Is there a precise definition of "egoless programming" that could be expanded to a generic Professional Behaviour of "egoless practice"?

Johana Rothman is quoted by Jeff Atwood, presumably from a book, as saying:
Egoless programming occurs when a technical peer group uses frequent and often peer reviews to find defects in software under development. The objective is for everyone to find defects, including the author, not to prove the work product has no defects. [my italics]
When asked for a modern definition, Jerry pointed at Jeff's Ten Commandments of Egoless Programming.

The field of Reliability Engineering is aimed at creating near-Perfect (i.e. highly reliable) operation from imperfect parts and sub-systems. This approach can work very well, even when maintenance and fixes can't be done: the NASA Mars Rovers, Spirit and Opportunity, exceeded their 90-day design life by around 15 times, working from 2004-2010.

A working definition (unfortunately, of many parts).

Egoless Practice is:
  • a Professional Behaviour
  • designed to 
  • routinely and reliably achieve
  • as Perfect as Possible outcomes
  • for the Client or Service Recipient
  • by knowledgable and skilful
  • Practitioners
  • supported by systems, processes and procedures
  • that actively monitor, examine and report performances,
  • for both failures and successes,
  • to systematically and without-backsliding improve 
  • Quality, Performance and Process
  • of Individuals, Teams and Organisations.
To Err is Human isn't a syllogism, it is an Iron-Clad Law.

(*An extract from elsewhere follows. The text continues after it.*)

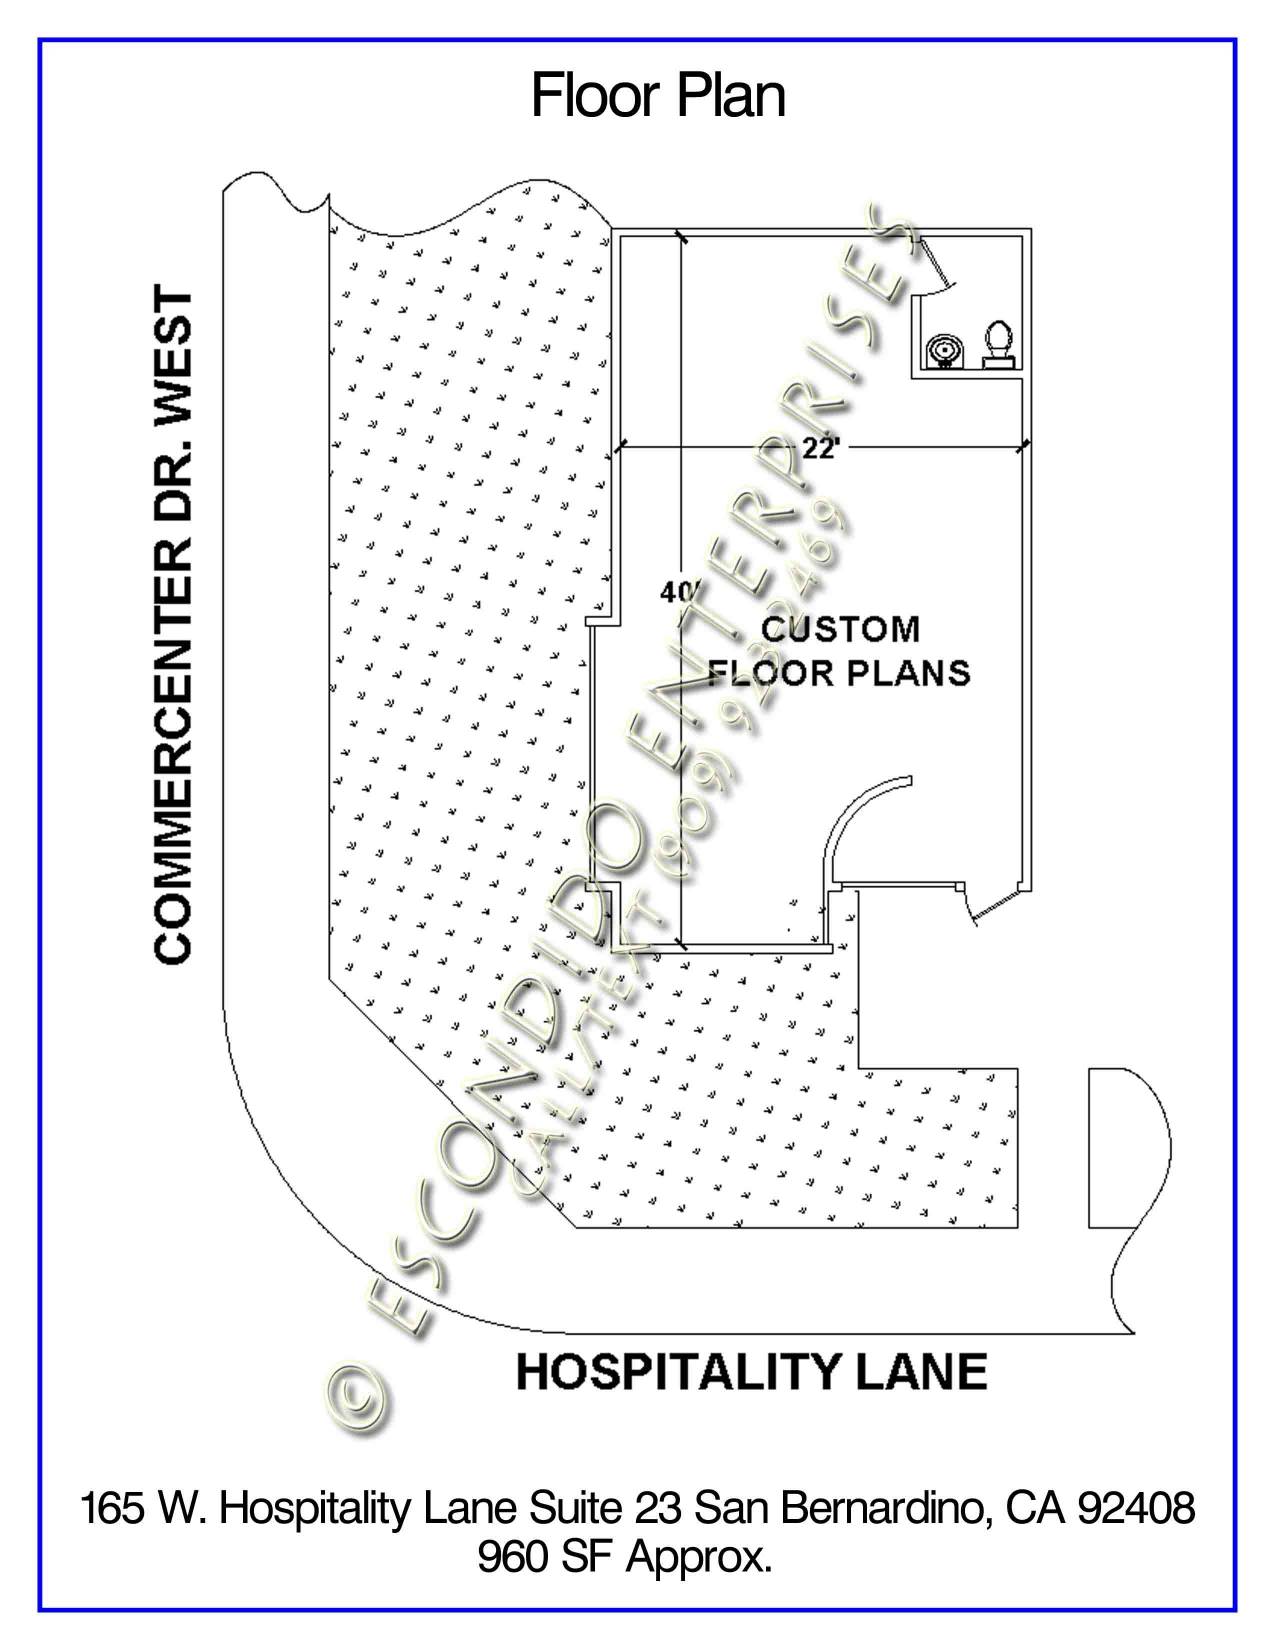 Floor plan of office space located at 165 W. Hospitality Lane, Suite 23, San Bernardino, CA 92408

It's the basis of the unending, relentless Professional Challenge:
  • we're not machines,
  • we cannot ever exactly repeat a process, not even twice, let alone the many times every day needed in Professional Practice, and
  • our Minds and Bodies are always letting us down or tricking us in some way.
Simply stated: We are constantly making mistakes, inadvertently or not.

Monday, May 14, 2012

The unnoticed Crisis in Healthcare

This paper on solving the Quality of Care crisis in Healthcare, "An NTSB for Healthcare", made me wonder why nobody was talking about another long-running, endemic Crisis in Healthcare:
In trying to spend less, it costs more to provide less of a worse service.The more we try to cut costs, the more it will cost and there is no simple way out: the system is locked into this craziness.
Doing "more of the same" not only cannot break us out of the rut, it pushes us deeper into it
W. Edwards Deming, the person responsible for the Quality Improvement movement in Japan that also forced a revolution in manufacturing the United States in the 1980's, was very clear on this:
  • When people and organizations focus primarily on quality, defined by the ratio (Results of Work Effort / Total Effort), quality tends to increase and costs fall over time.
  • However, when people and organizations focus primarily on costs, costs tend to rise and quality declines over time.
Turning around any system spiralling out of control cannot be done by "more of the same", but needs careful attention to causes and the underlying systems. As Quality Improvement has repeatedly shown, focussing on "Doing Things Right First Time, Every Time", is a remarkably effective means of effecting even very large turn-arounds.

No sane Politician or Healthcare Administrator/Bureaucrat would intentionally do or allow this downward spiral, but the effect is slow and insidious starting and irreversible when started. That we have gone there in many US Hospital Systems is more than adequately documented in Dr. Otis Brawley's "How we Do Harm".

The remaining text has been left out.